Methods All CL injury claims lodged between 2007 and 2020 were extracted from the Accident Compensation Corporation (a nationwide no-fault injury compensation scheme) claims dataset. Age-adjusted and sex-adjusted incidence rates, total injury costs and costs per claim were calculated for each year for total population and subgroups.

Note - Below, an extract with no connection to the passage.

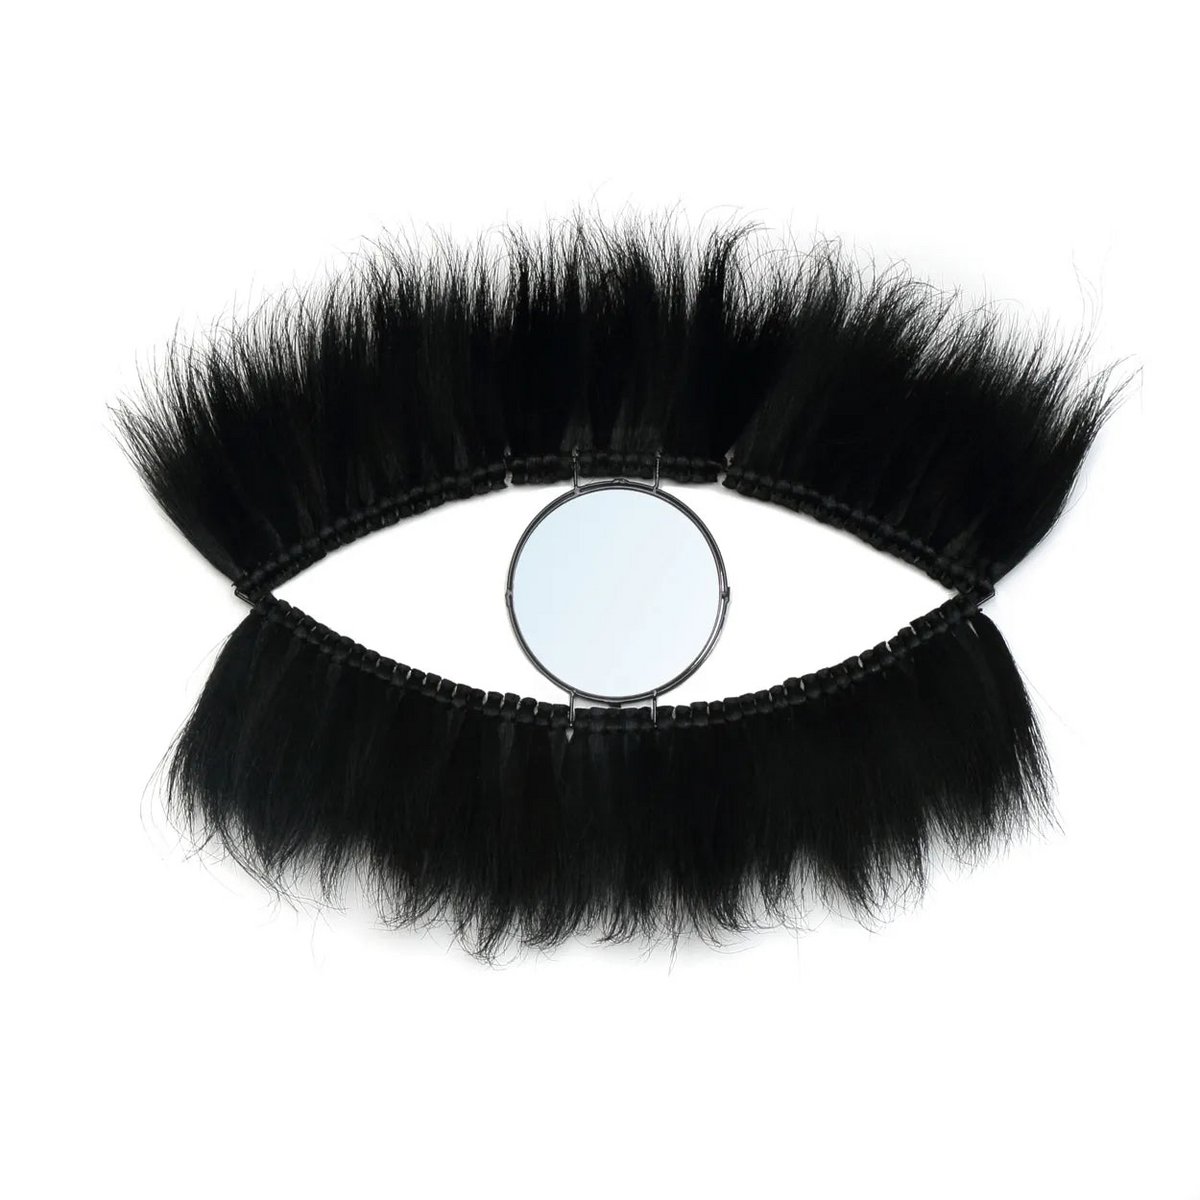 Der Black-Eye-Spiegel – Schwarz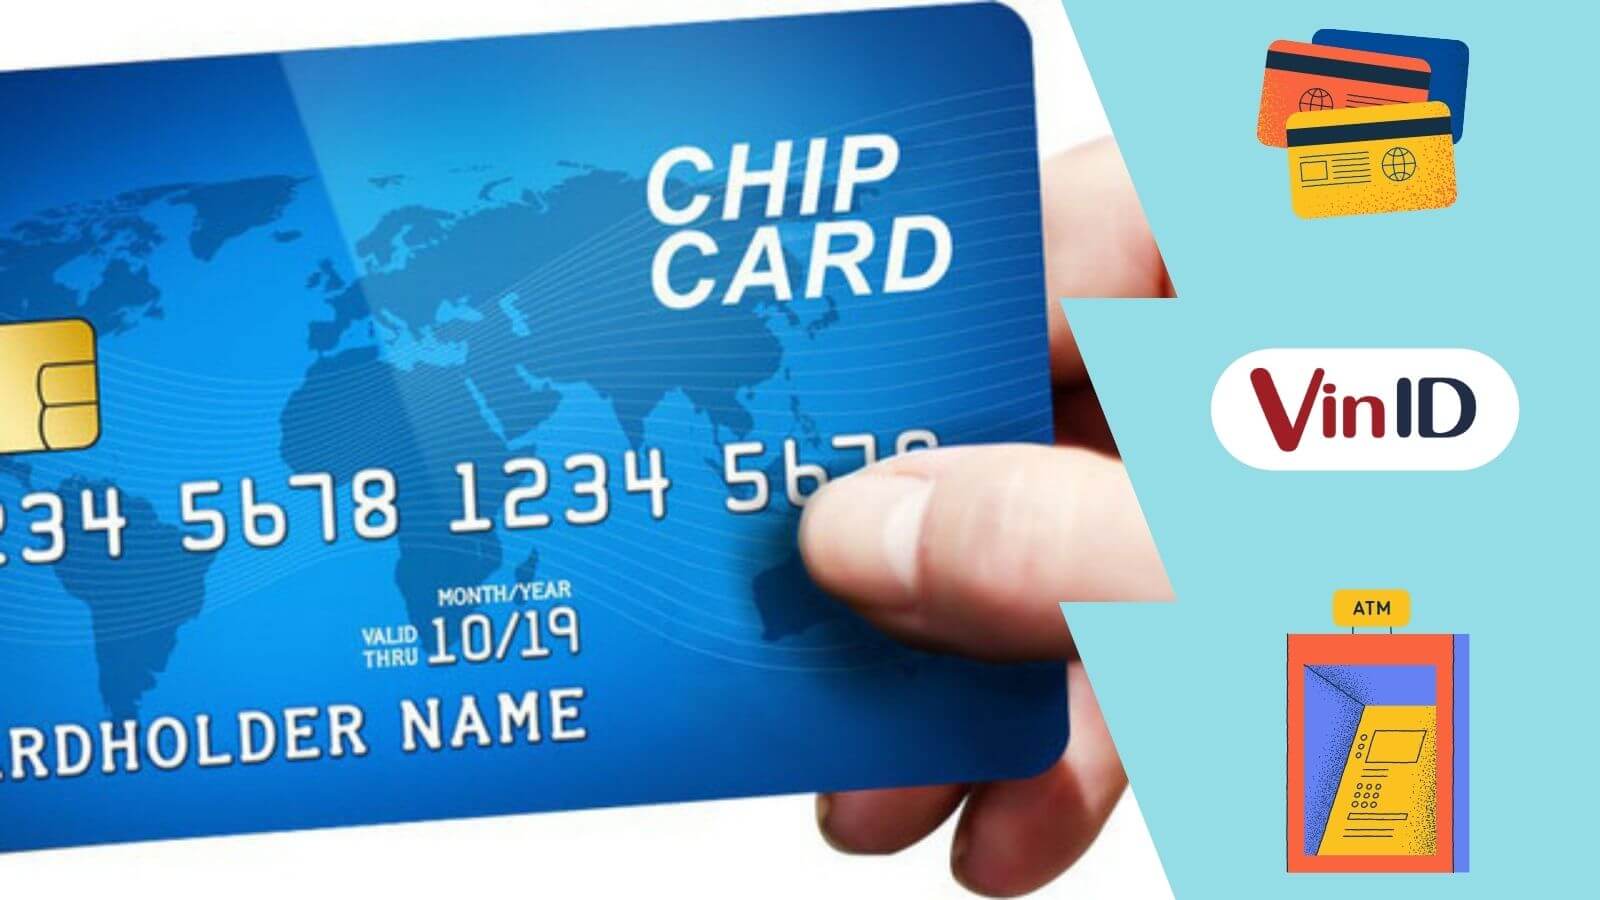 Thẻ ATM gắn chip có thể sử dụng để thanh toán mua hàng không?

Results The total number of CL injury claims increased from 6972 in 2007 to 8304 in 2019, then decreased to 7068 in 2020 (likely due to widespread COVID-19 restrictions; analysis is therefore restricted to 2007–2019 hereafter). The (age-adjusted and sex-adjusted) incidence rate remained largely unchanged and was 173 cases per 100 000 people in 2019. There was a 127% increase in total injury claims costs and a 90% increase in costs per claim. Pacific people had the highest incidence rate and costs per 100 000 people, while Asians had the lowest; European, Māori and ‘other’ ethnicities had similar incidence rates and total costs. Incidence rates and total costs increased with income and decreased with neighbourhood deprivation. Costs per claim differed little by ethnicity, but increased with income level.

Conclusion The number and costs of CL injury claims in New Zealand are increasing. There are ethnic and socioeconomic disparities in CL incidence rates and costs, which are important to address when designing CL injury prevention programmes and programmes aimed at improving equity of access to medical care.